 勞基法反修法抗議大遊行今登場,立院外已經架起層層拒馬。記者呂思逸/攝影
...
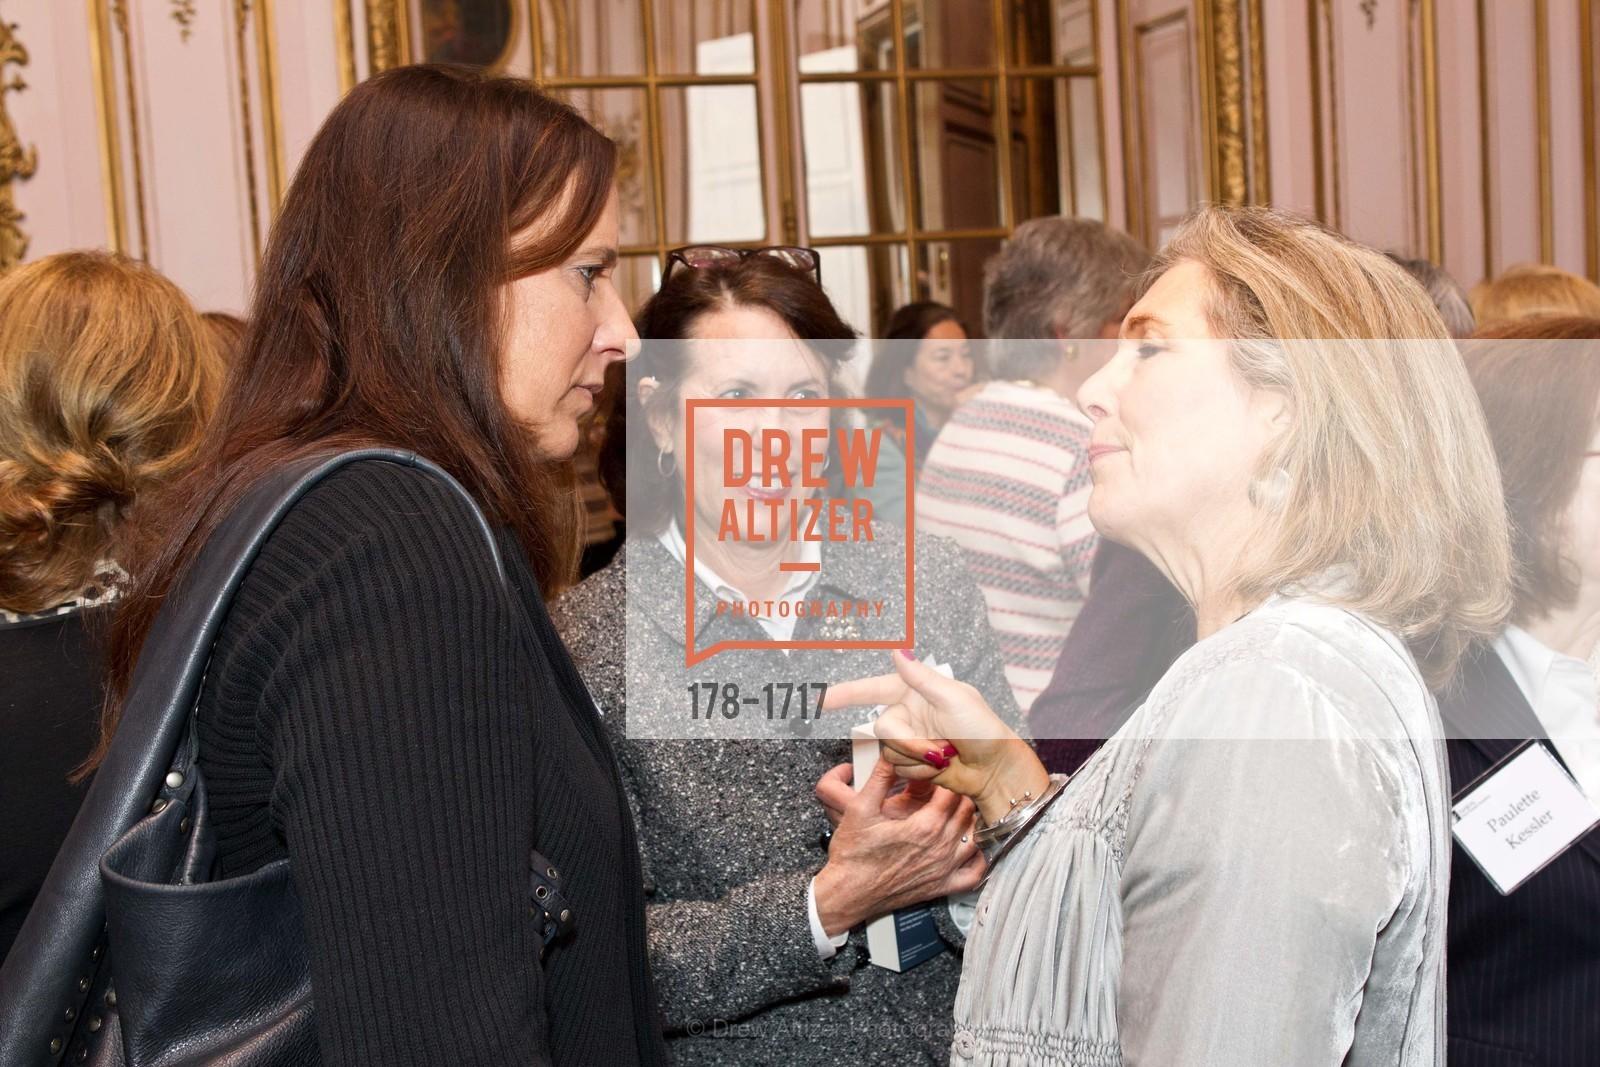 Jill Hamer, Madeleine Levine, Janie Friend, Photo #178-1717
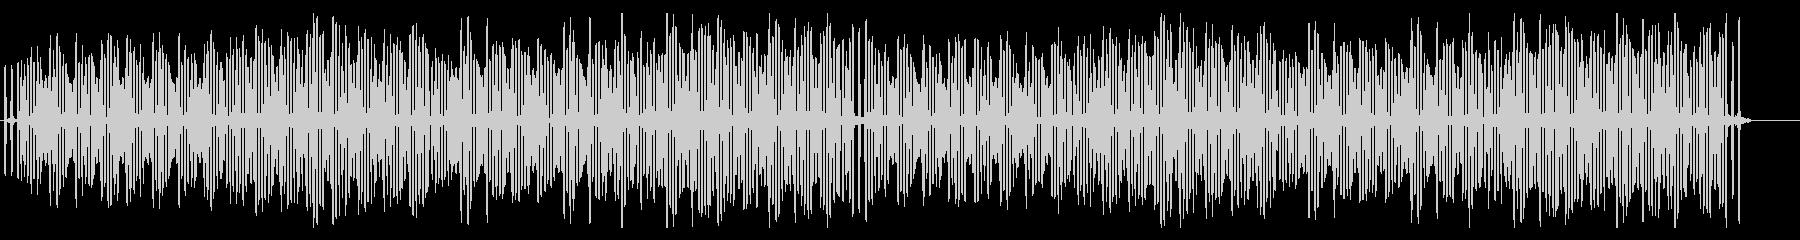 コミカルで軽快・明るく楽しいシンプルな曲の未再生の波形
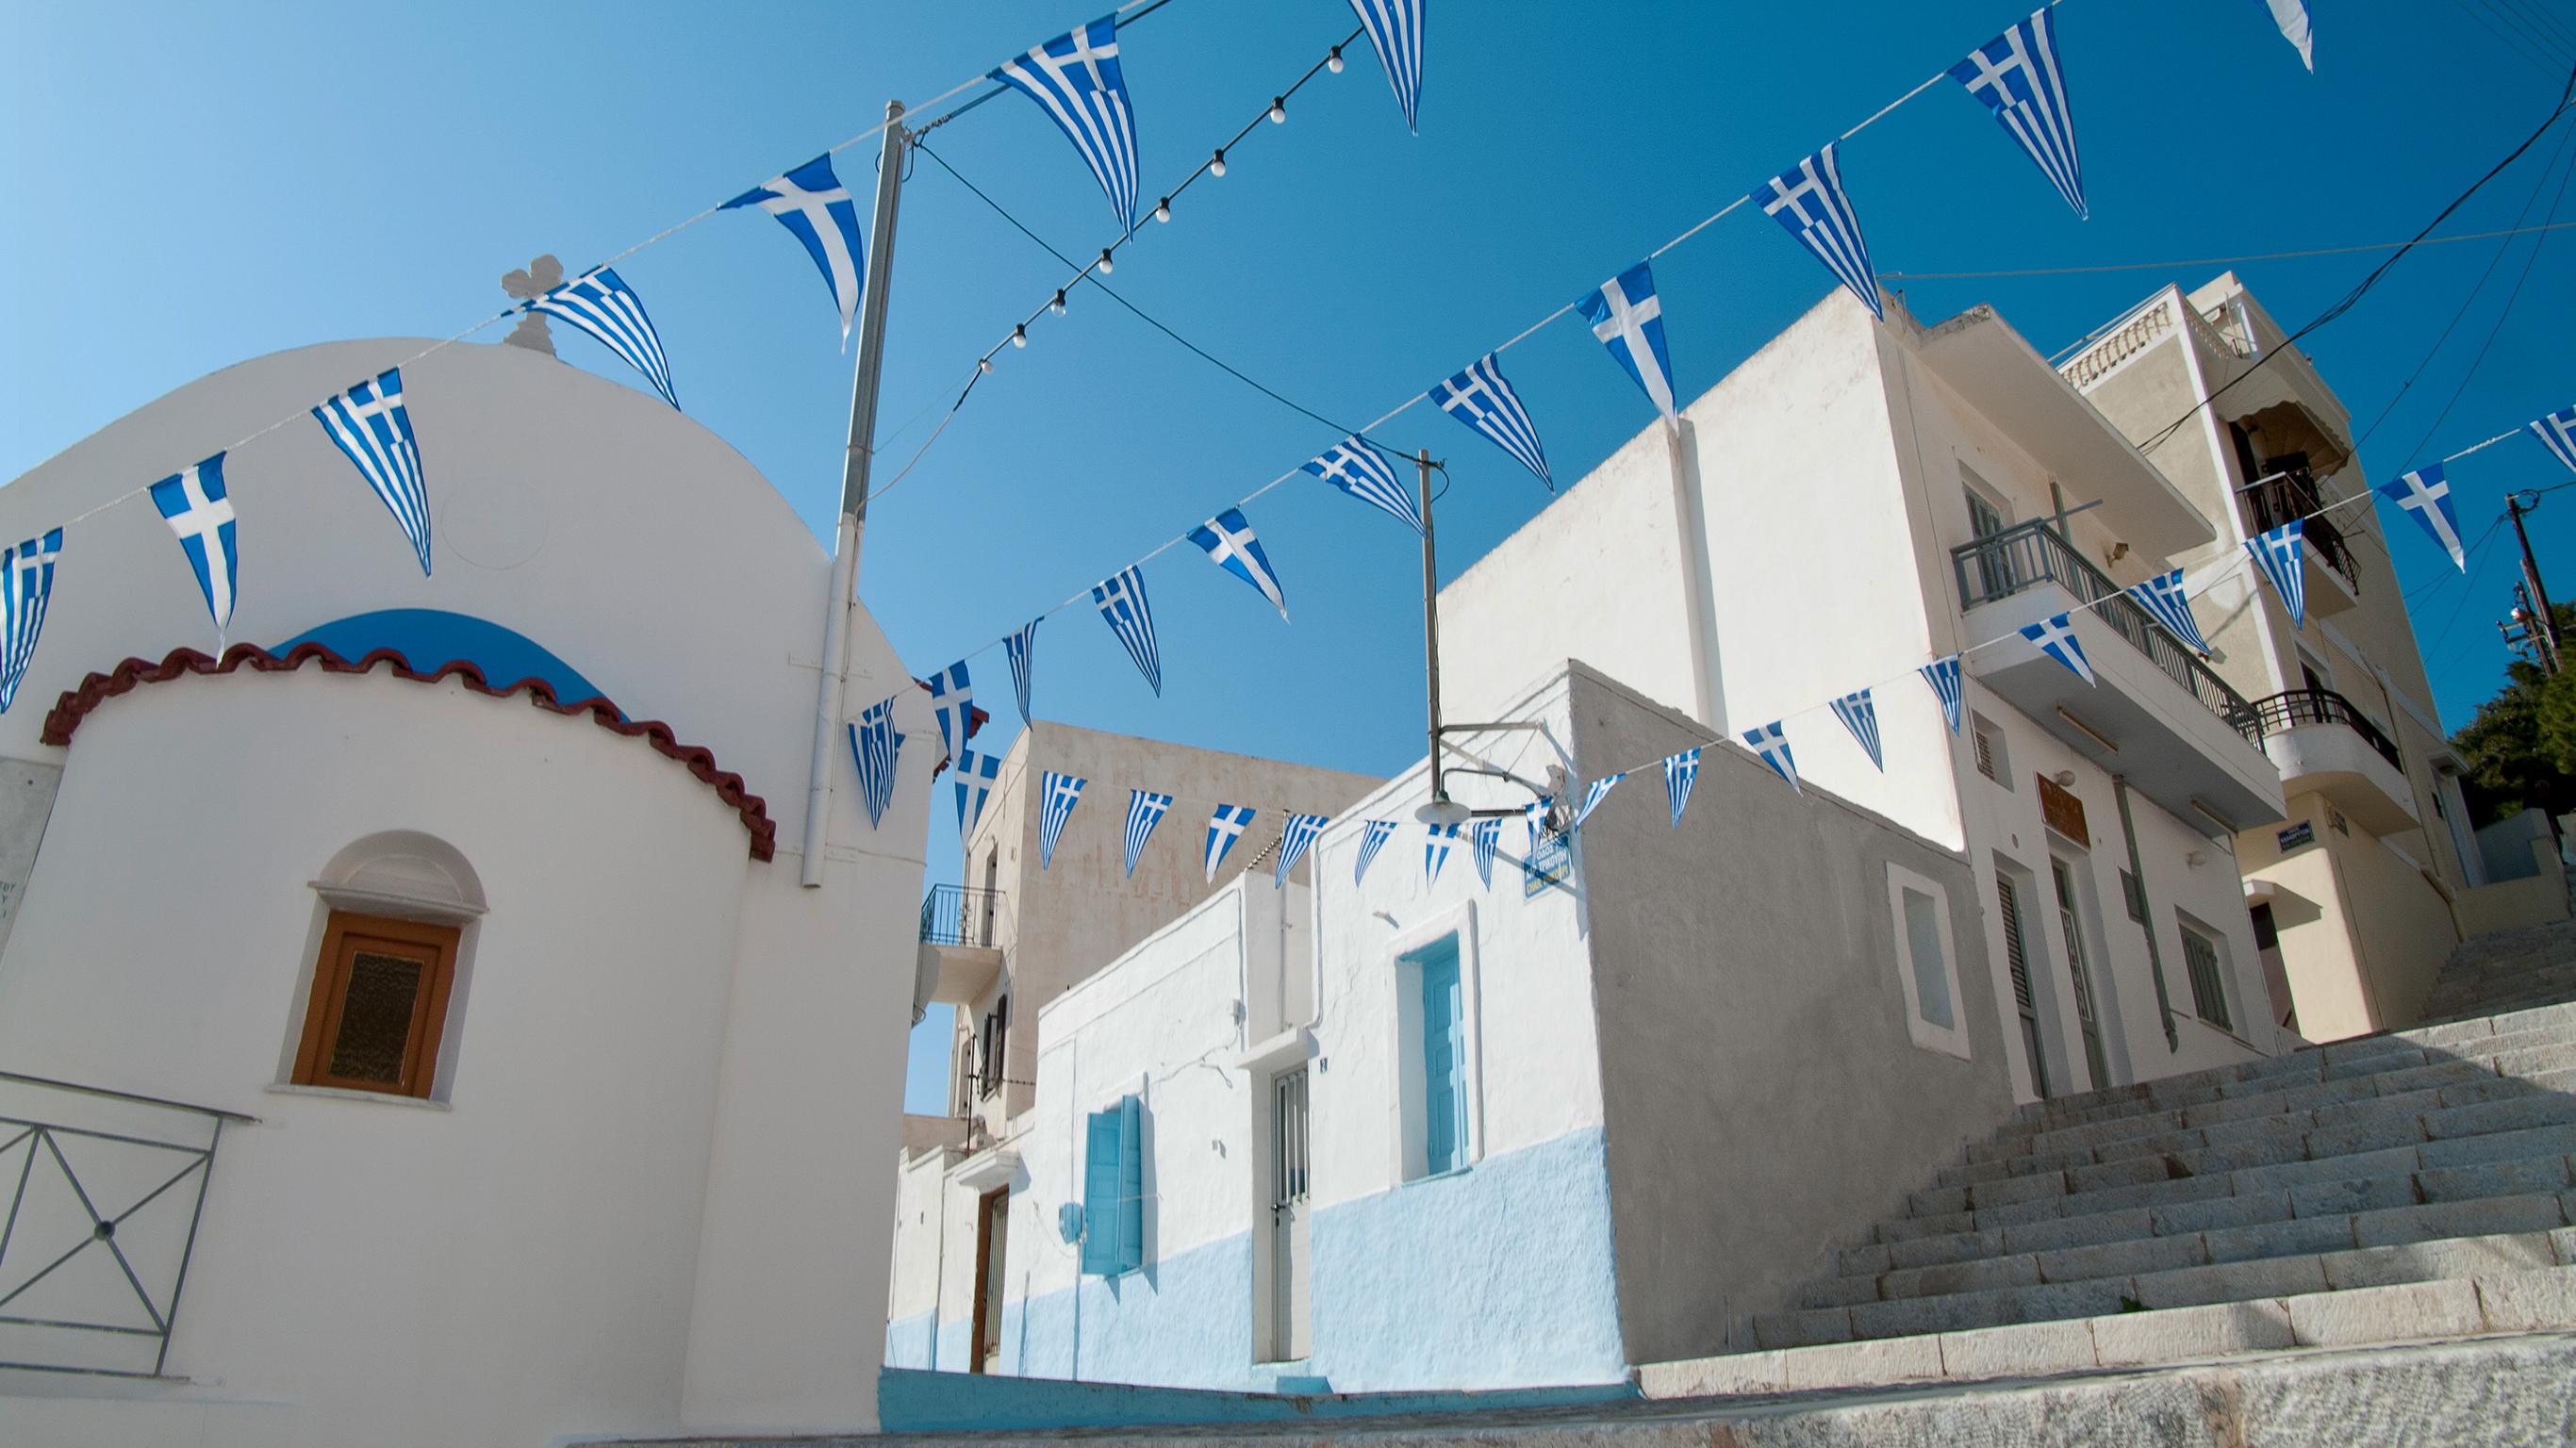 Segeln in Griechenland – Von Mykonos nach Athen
==
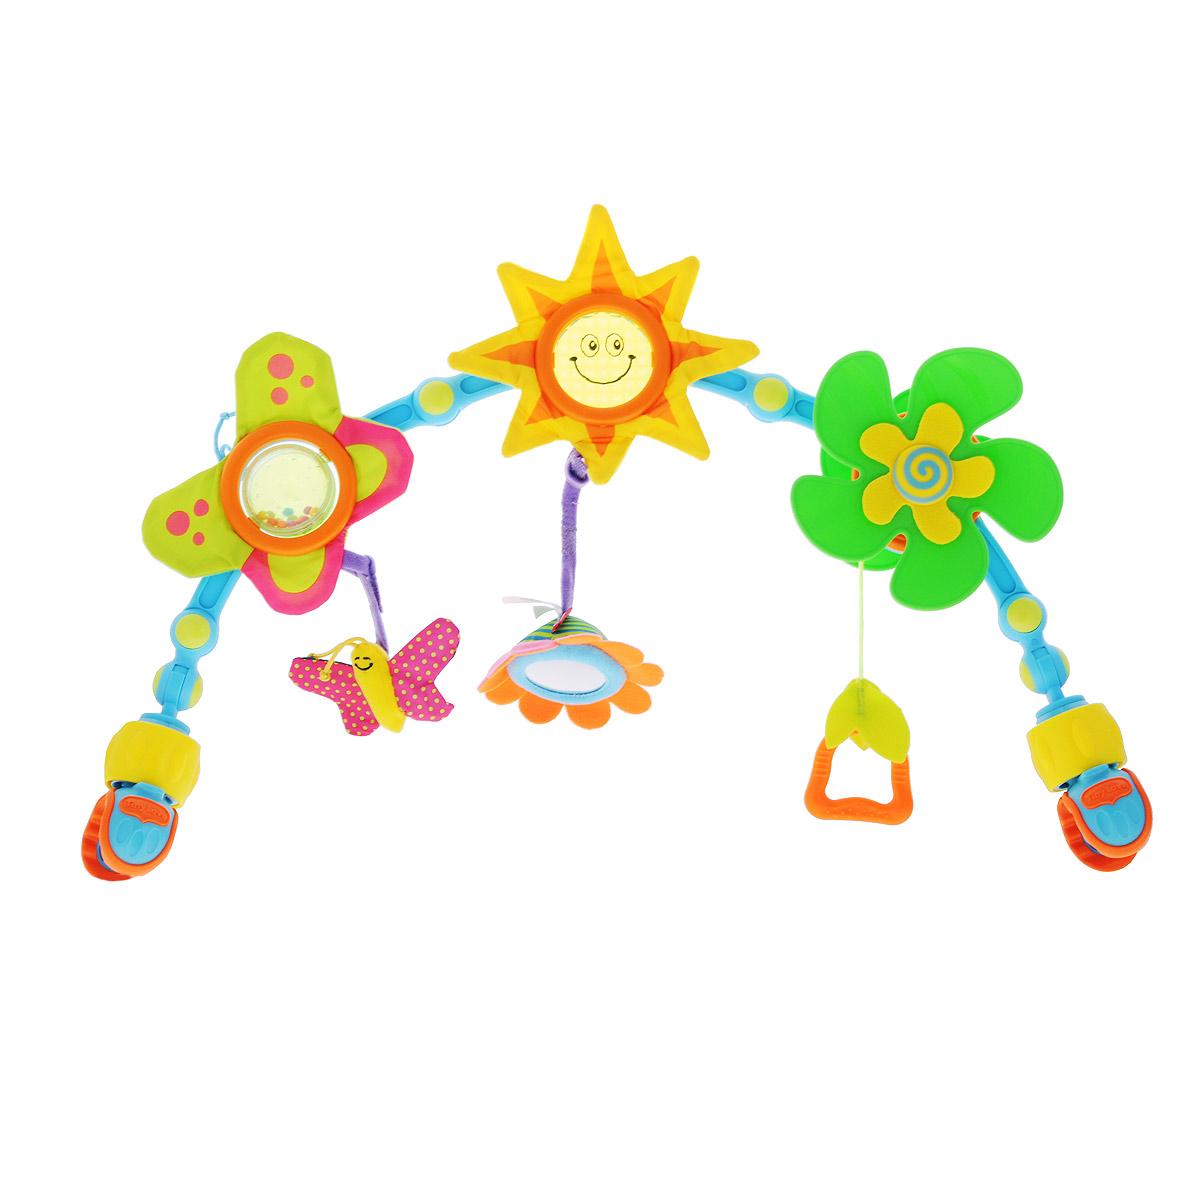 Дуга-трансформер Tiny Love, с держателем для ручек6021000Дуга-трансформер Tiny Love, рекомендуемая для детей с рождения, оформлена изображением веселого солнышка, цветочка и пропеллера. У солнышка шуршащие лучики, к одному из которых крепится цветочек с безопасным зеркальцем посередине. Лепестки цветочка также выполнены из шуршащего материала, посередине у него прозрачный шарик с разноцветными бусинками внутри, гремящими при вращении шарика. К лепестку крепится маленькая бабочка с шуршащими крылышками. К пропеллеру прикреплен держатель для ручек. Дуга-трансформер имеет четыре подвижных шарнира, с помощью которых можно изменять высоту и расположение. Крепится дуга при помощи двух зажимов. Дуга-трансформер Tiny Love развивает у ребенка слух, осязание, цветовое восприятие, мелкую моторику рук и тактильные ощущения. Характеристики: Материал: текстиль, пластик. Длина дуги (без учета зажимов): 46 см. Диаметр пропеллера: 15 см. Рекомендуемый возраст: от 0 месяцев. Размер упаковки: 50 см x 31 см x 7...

# Exercise:
In the entries above, which lines run from the one with "コミカルで軽快・明るく楽しいシンプルな曲の未再生の波形" up to and including the one with "Segeln in Griechenland"? Write them out exactly, without the pictures.

# Response to this exercise:
 コミカルで軽快・明るく楽しいシンプルな曲の未再生の波形
 Segeln in Griechenland – Von Mykonos nach Athen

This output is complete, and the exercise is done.